TODO : add speaker and annotations from the original excel files to the textgrids (different tiers)

In [None]:
!zip -r /content/xhosa/textgrids.zip /content/xhosa/textgrids

**SAVE** the TextGrid files into your drive.

In [None]:
!cp /content/xhosa/textgrids.zip /content/drive/MyDrive/textgrids.zip

**Download** the TextGrid files into your computer.

In [None]:
from google.colab import files
files.download('/content/xhosa/textgrids.zip')

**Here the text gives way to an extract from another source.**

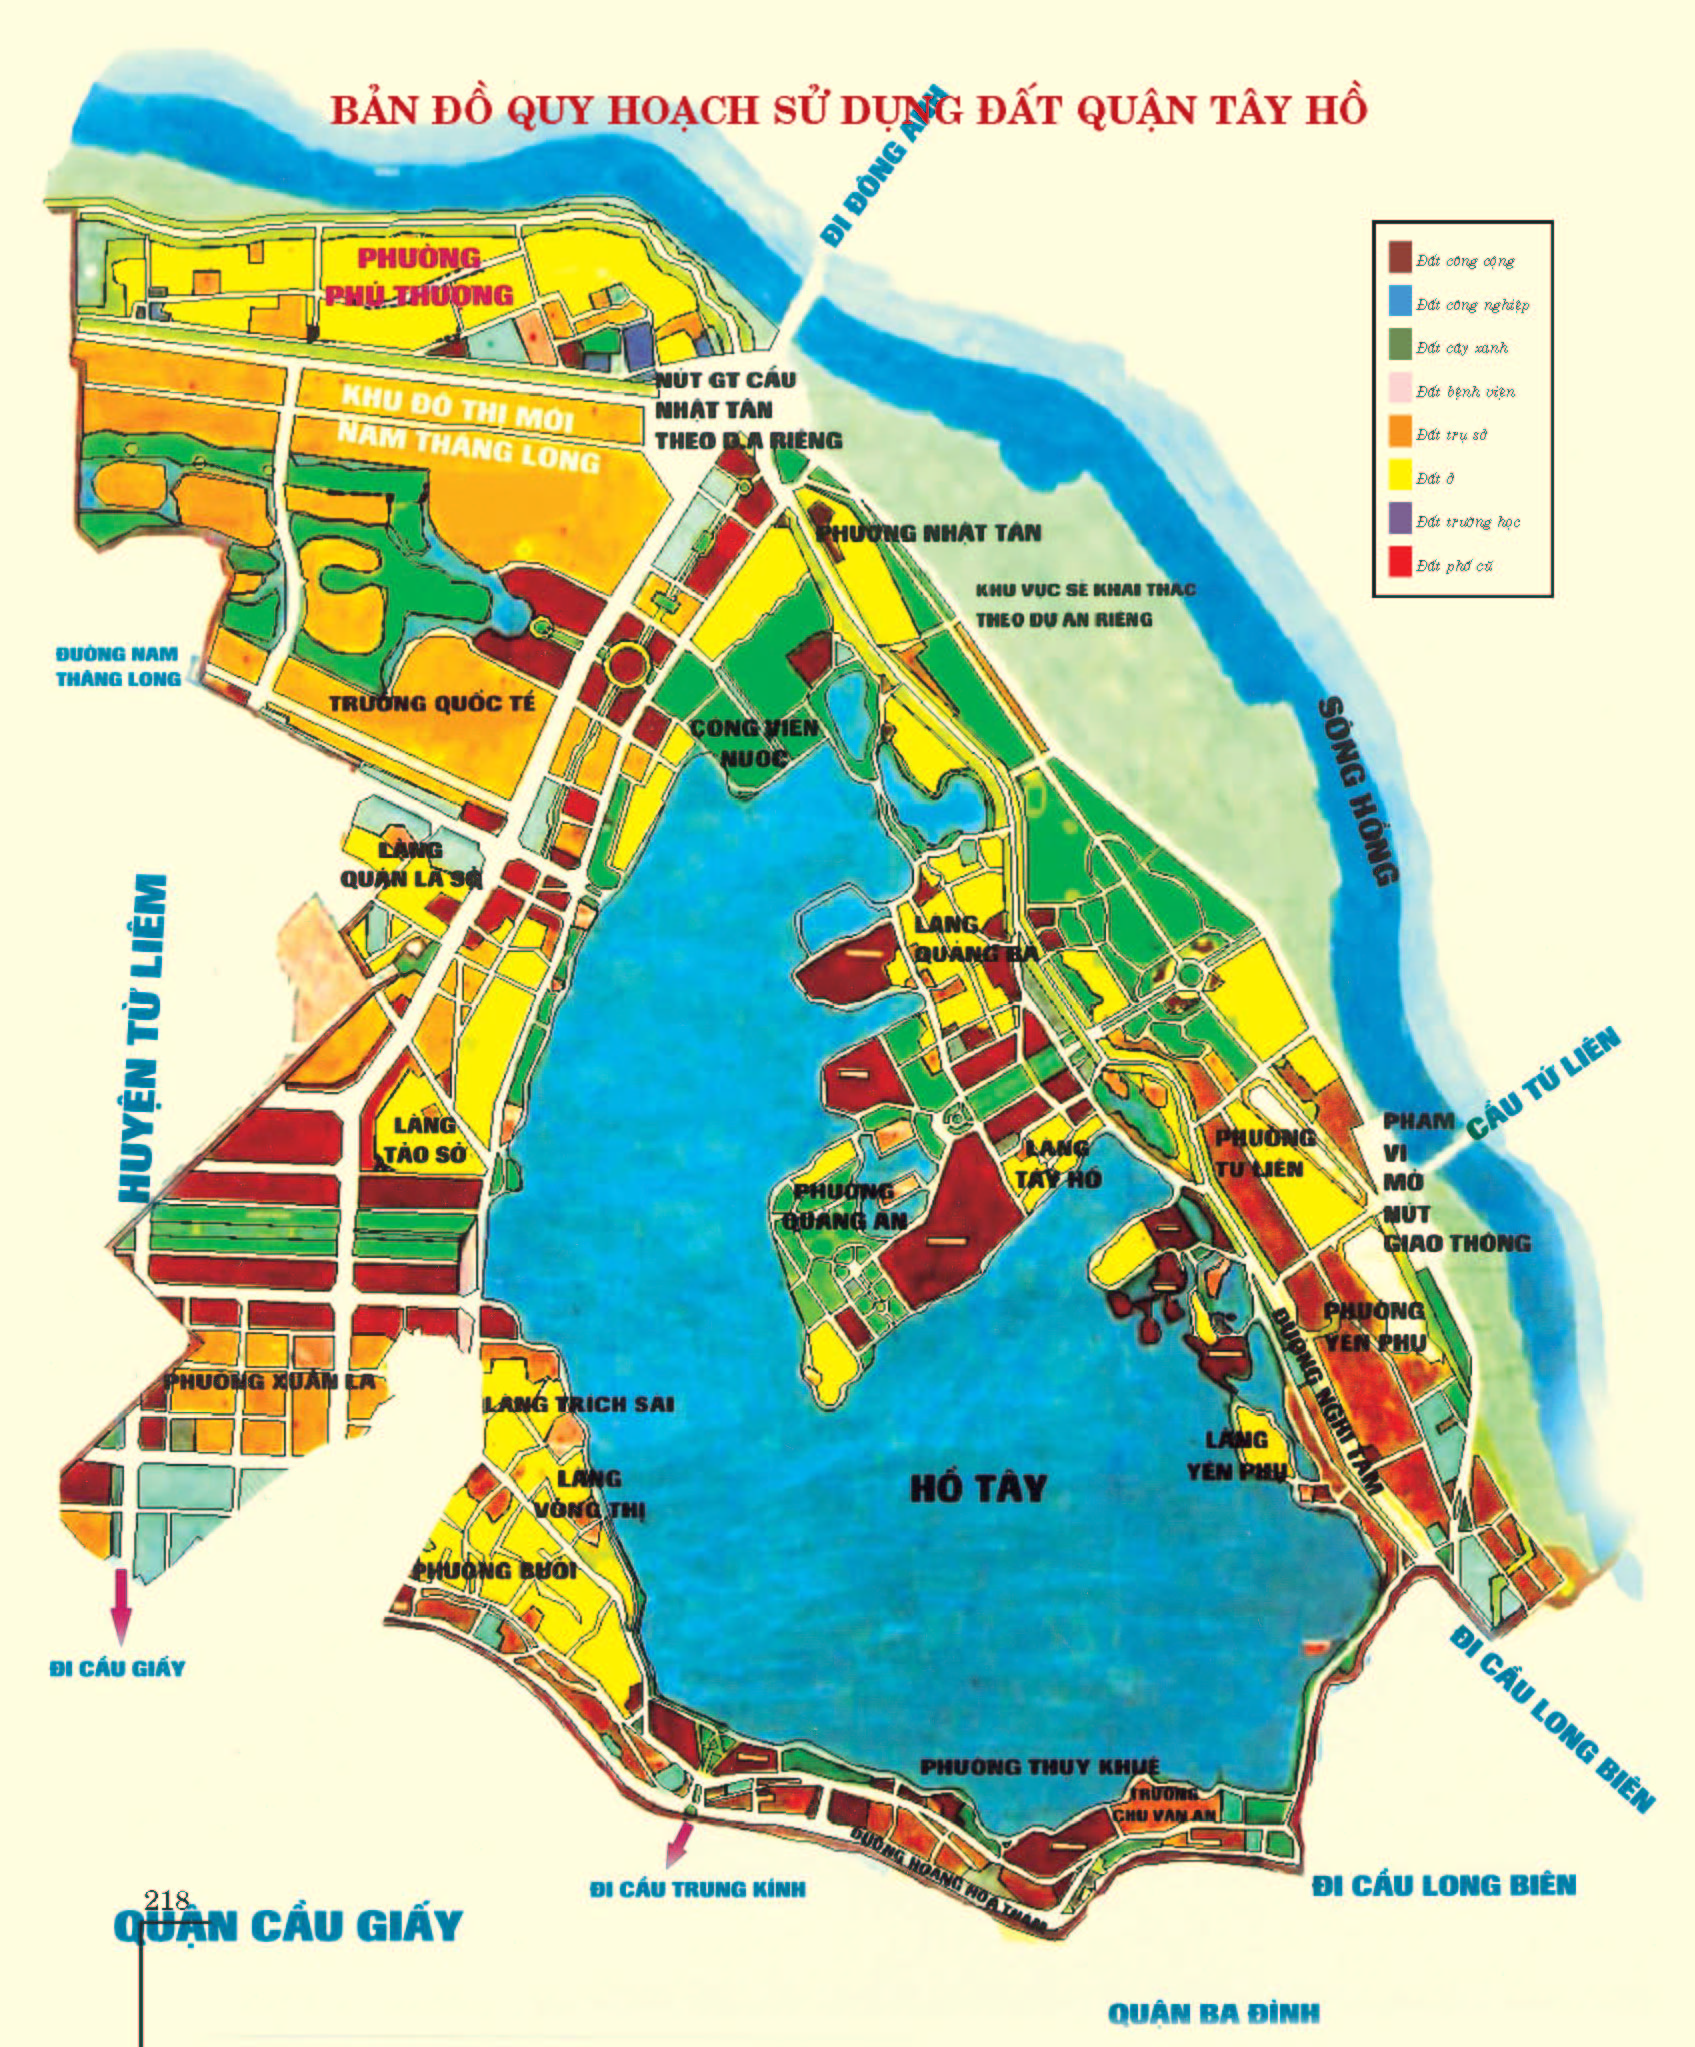 Bản đồ quy hoạch dùng khu đất tại Quận Tây Hồ 

This notebook is inspired by [this](https://colab.research.google.com/github/cawoylel/nlp4all/blob/main/asr/src/asr_tutorial.ipynb) tutorial from [_NLP4ALL_](https://github.com/cawoylel/nlp4all) which is focused on simplifying the process of building NLP models for underrepresented languages and making it more accessible: " We aim to provide a replicable framework that communities can adapt for their languages, aligning with our vision of making NLP technology widely accessible."